Large crude carrier shipping rates sink
Shipping rates of very large crude carriers are on the way down, which may not bode well for regional companies such as National Shipping Company of Saudi Arabia (NSCSA).
With oil prices floating above $87 a barrel, the market is now oversupplied by supertankers competing to ship cargoes of 2 million barrels, stalling what has been considered a recovery in pricing.
Shares of NSCSA have already fallen by 20 per cent in the past six months. Last month, NSCSA reported a net profit of 82 million riyals, down 30 per cent in the most recent quarter compared with the previous one, and missing analyst estimates. The results reflected spot-shipping rates that were lower than expected.
There are 5 per cent more very large crude carriers, or VLCCs, for hire over the next 30 days than there are cargoes, according to the median estimate of seven shipowners and brokers surveyed by Bloomberg News yesterday.
There was a 1 per cent shortage a week ago, which was the first time for almost a year that respondents said there were not enough ships available.

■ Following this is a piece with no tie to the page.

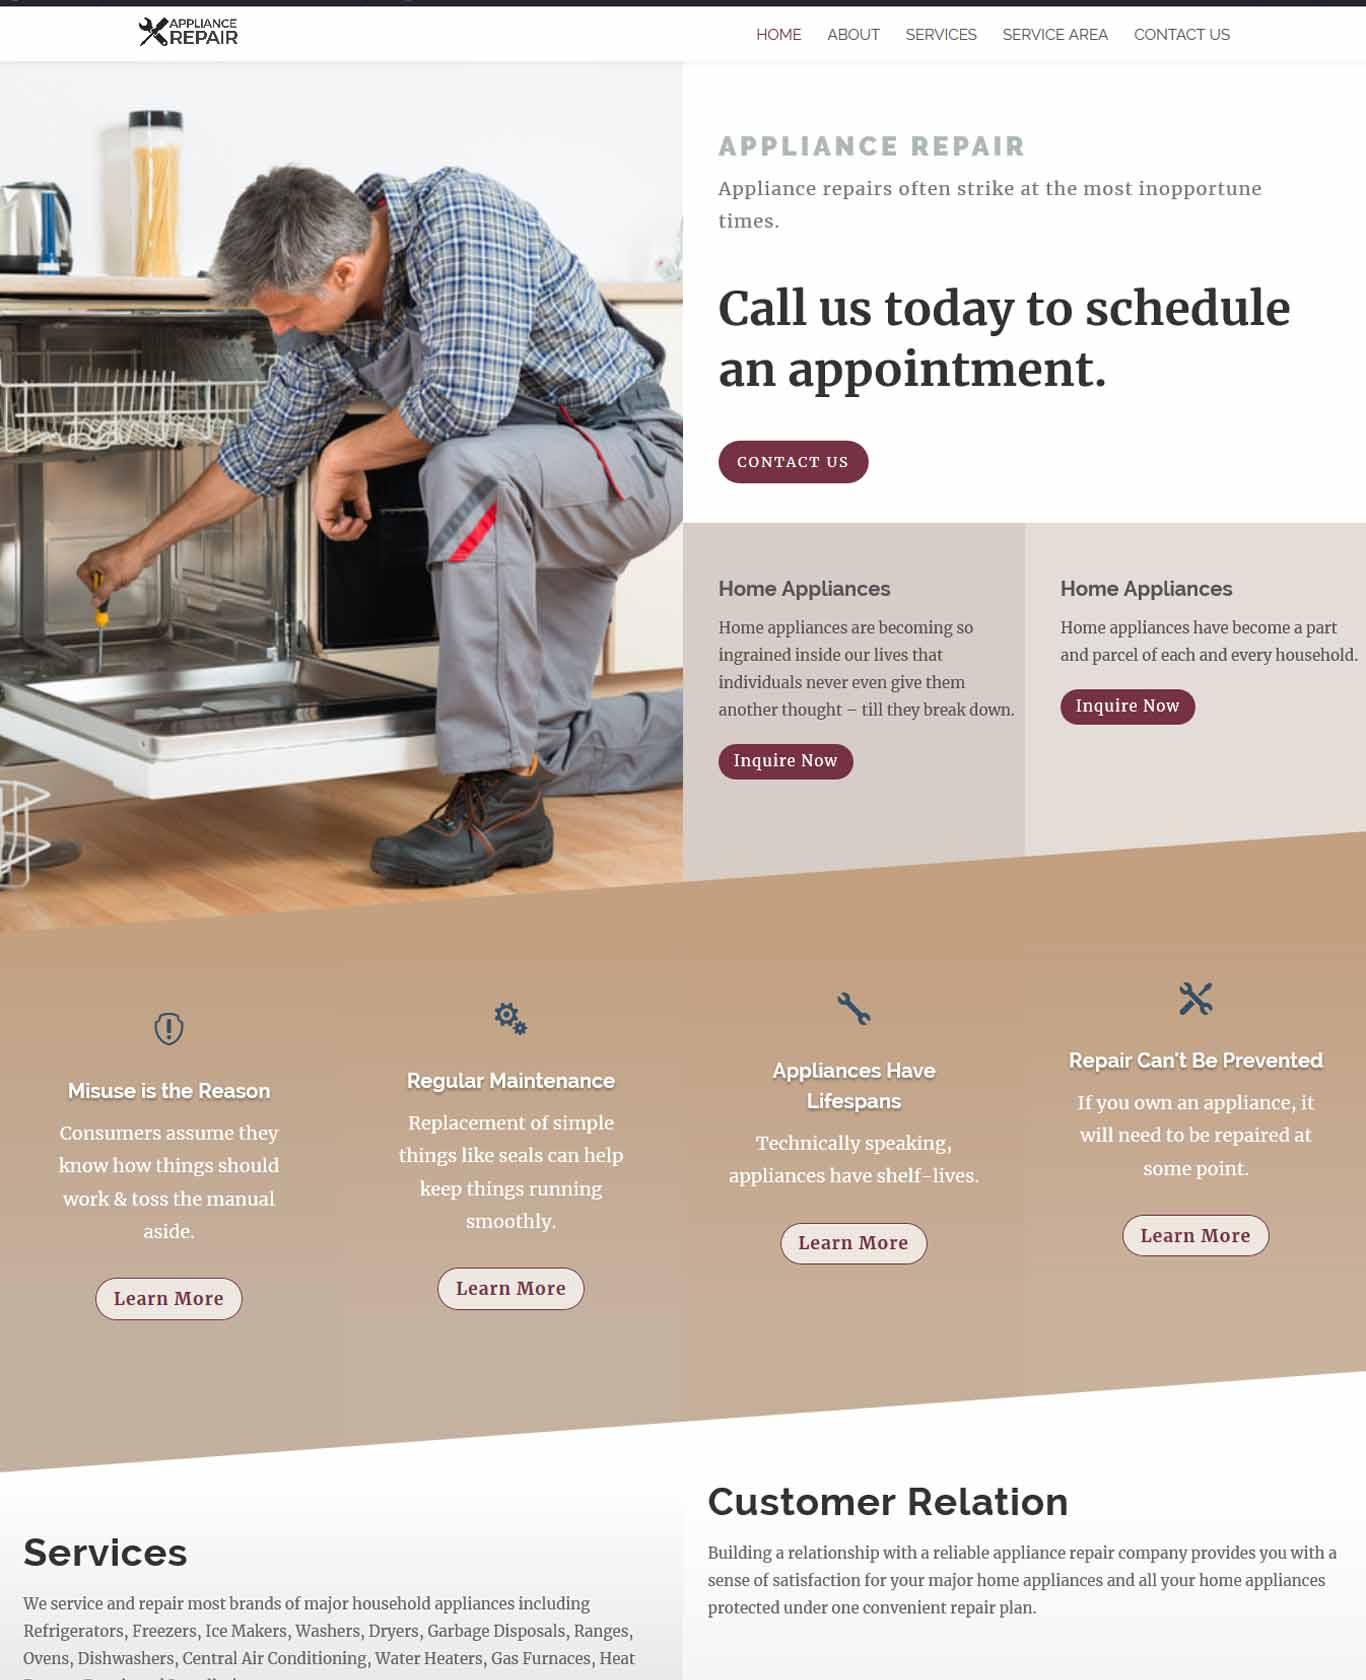 Prestige Appliance Repair Websites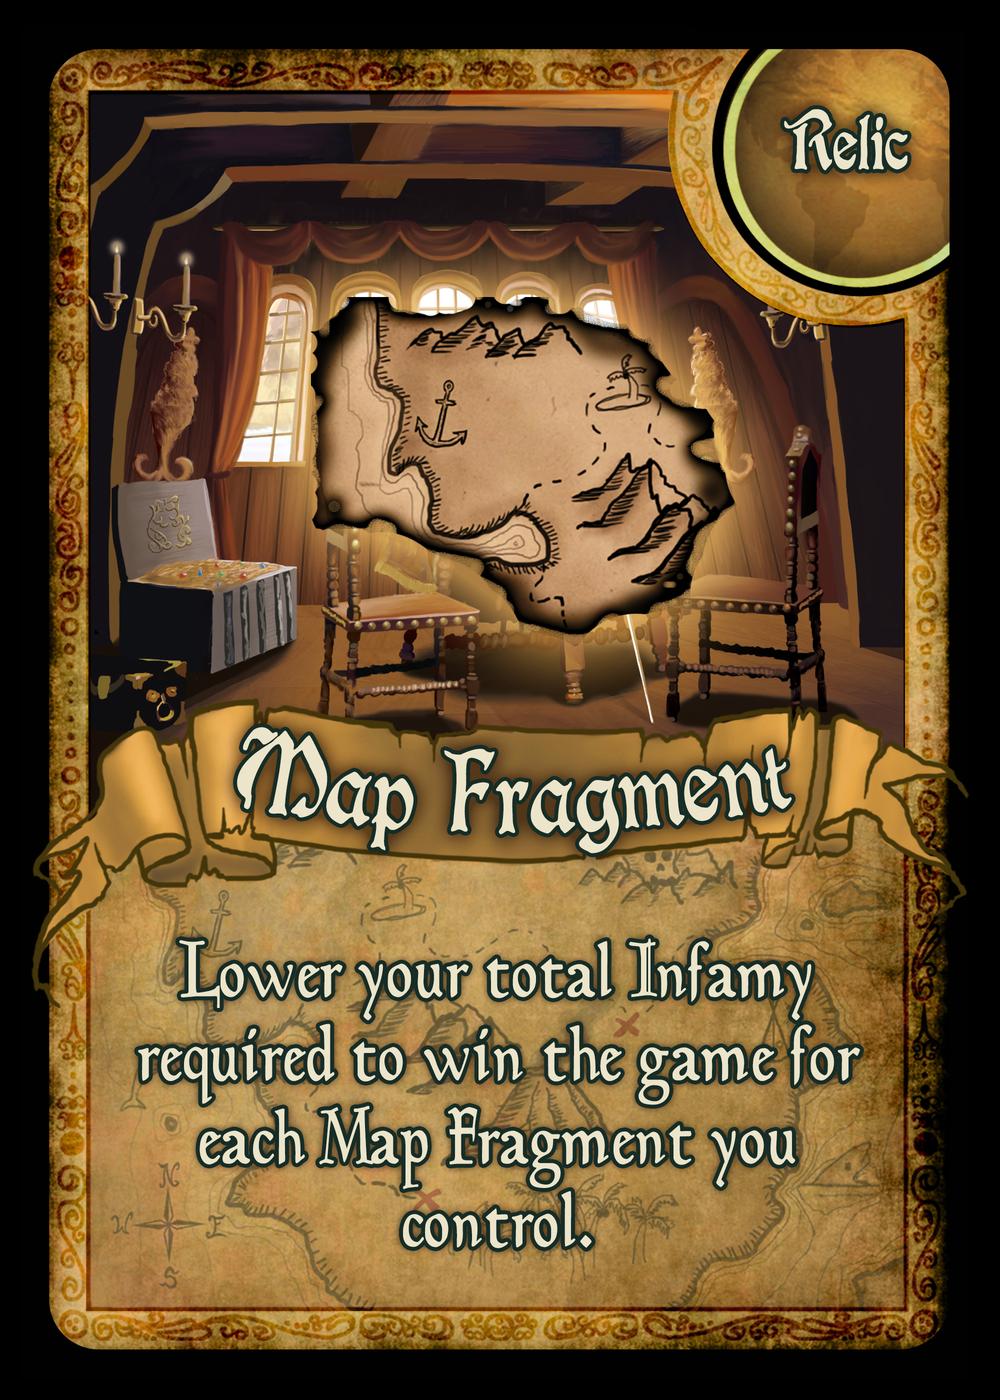 map-fragment-1.jpg

Enquiry levels should come down over the coming days, said Henrik With and Glenn Lodden, analysts in Oslo at DnB NOR Markets, a unit of DnB NOR Bank, Norway's largest. Consequently, they said, rates could come down during the week.
Returns on the Saudi Arabia to Japan route have been above what Frontline, the world's largest operator of supertankers, needs to break even on the carriers for the past six sessions, according to data from the company and the London-based Baltic Exchange. That ended four months of unprofitable rates.
Frontline said in August that it needed US$30,900 (Dh113,480) a day to break even on the carriers. Returns had been above that level since November 1, when they ended a period of unprofitable rates that began on June 30.
Gulf Navigation, Dubai's only publicly traded oil tanker owner, could also be negatively affected if shipping rates come down.